> **Data shown**:
·····
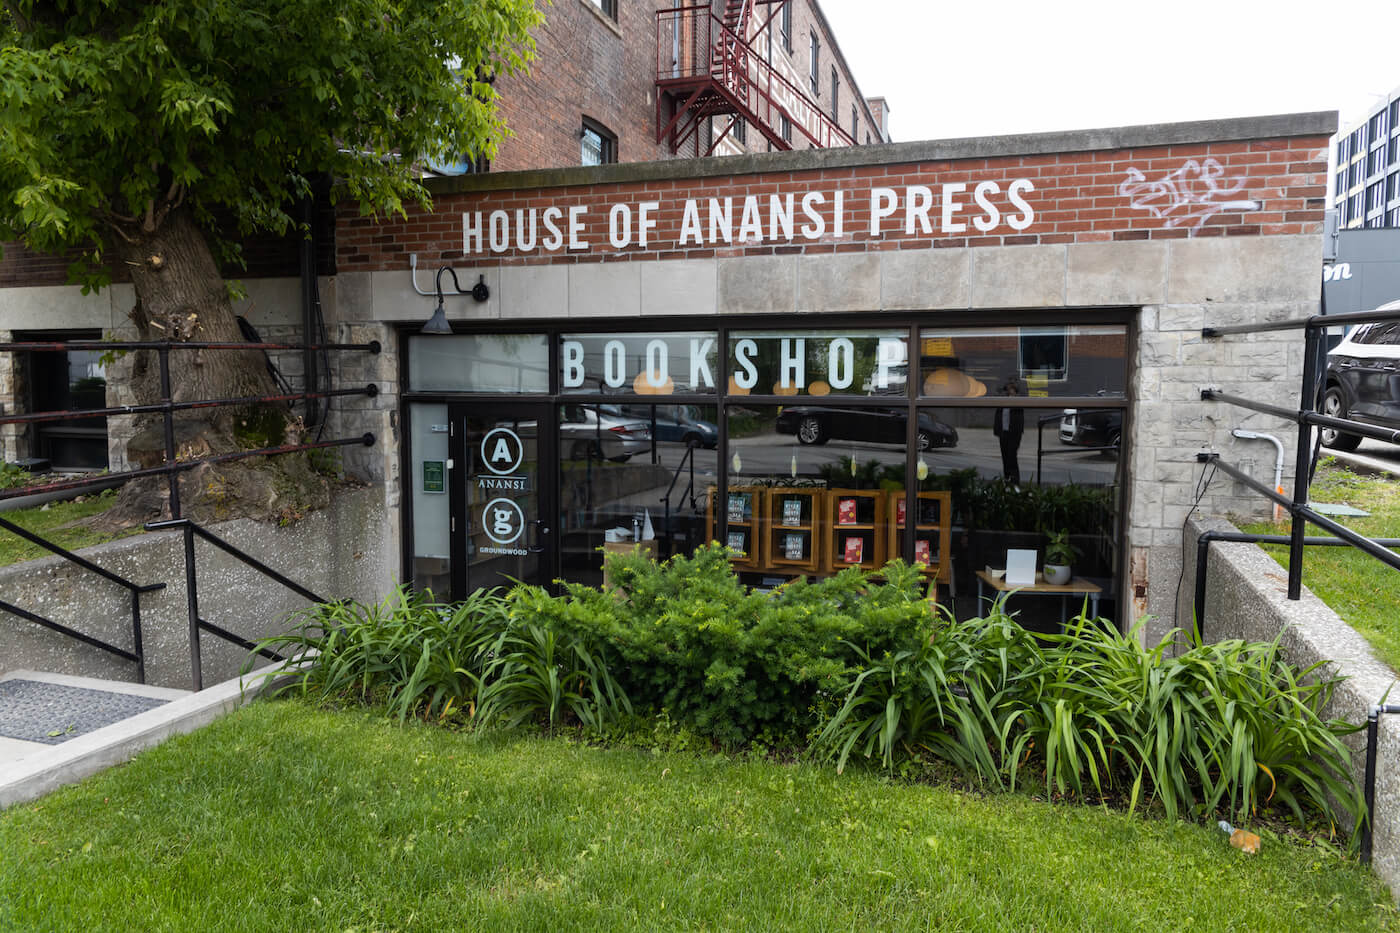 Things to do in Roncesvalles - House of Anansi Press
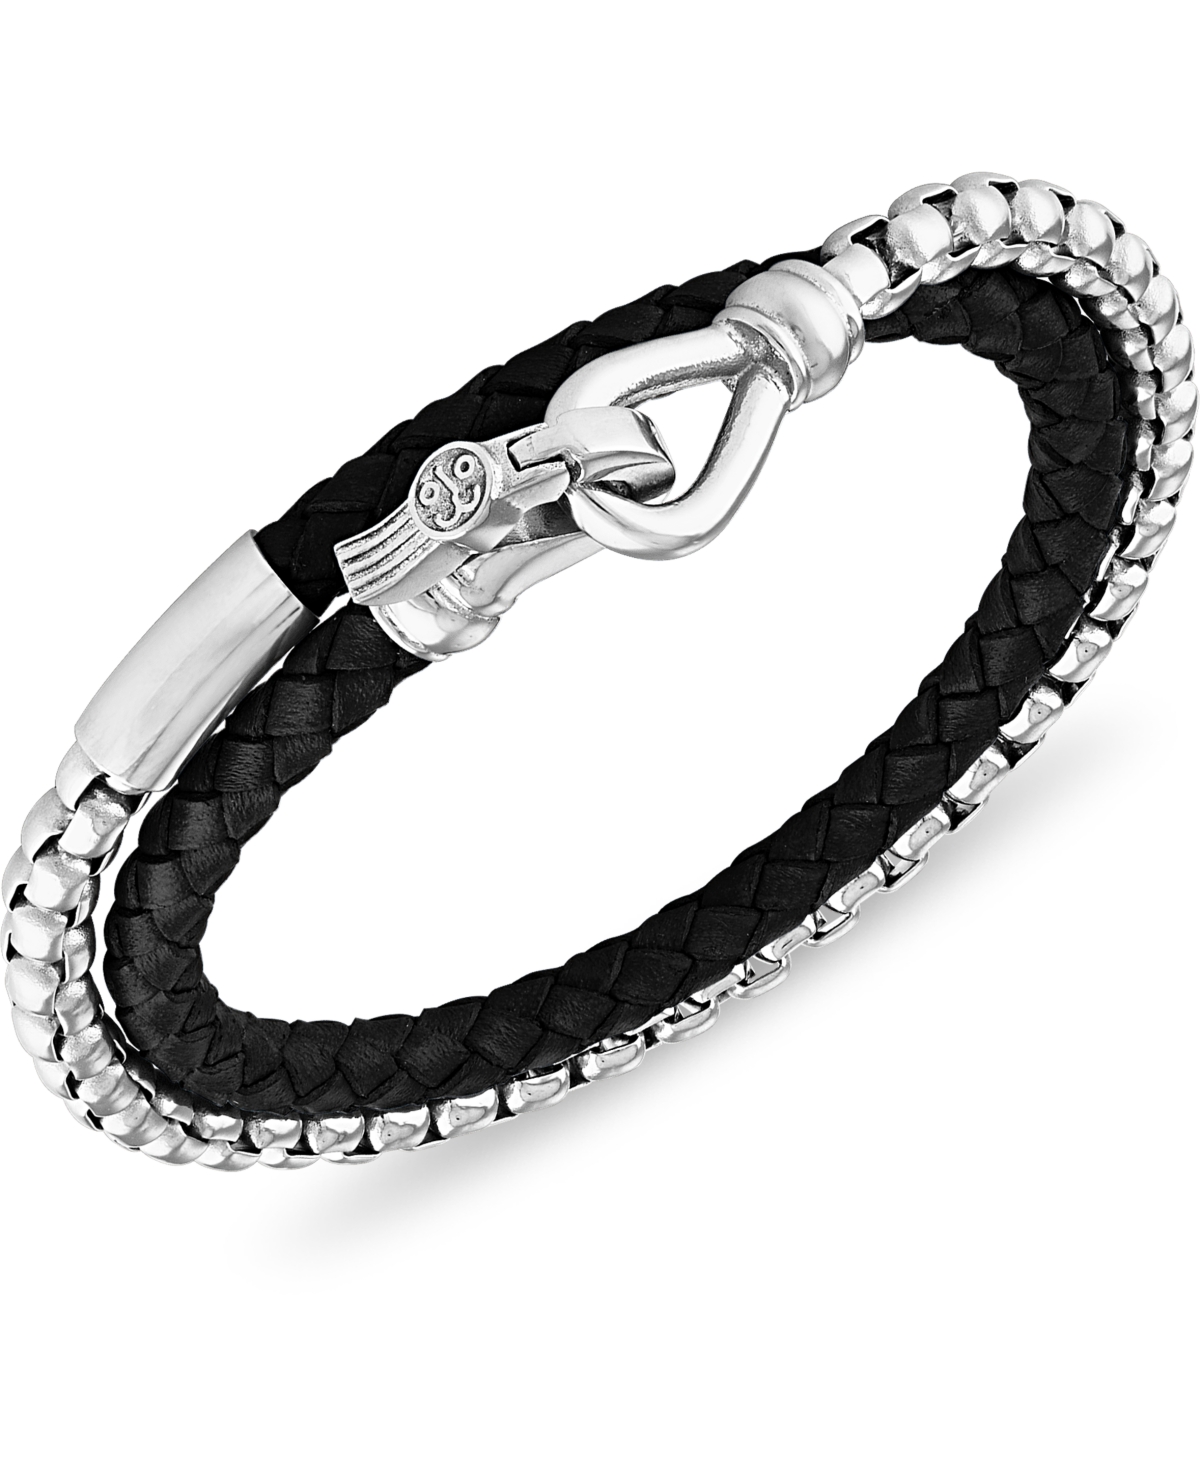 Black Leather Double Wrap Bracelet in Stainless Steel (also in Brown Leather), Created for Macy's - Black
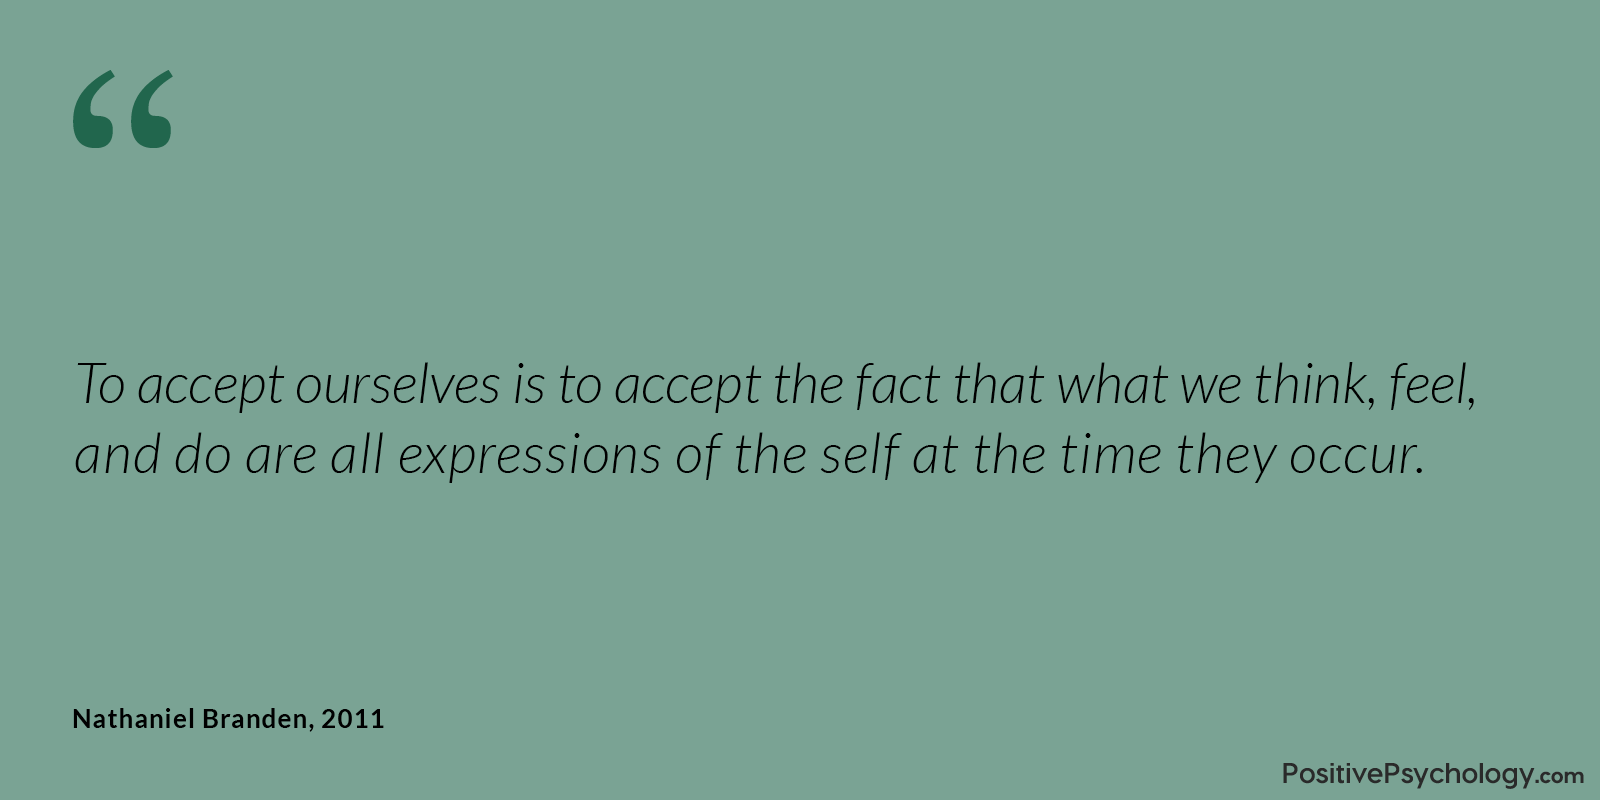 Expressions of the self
·····
> **Task statement**: Copy all of the listing word for word, minus the images.

> **Answer to the exercise**:
 Things to do in Roncesvalles - House of Anansi Press
 Black Leather Double Wrap Bracelet in Stainless Steel (also in Brown Leather), Created for Macy's - Black
 Expressions of the self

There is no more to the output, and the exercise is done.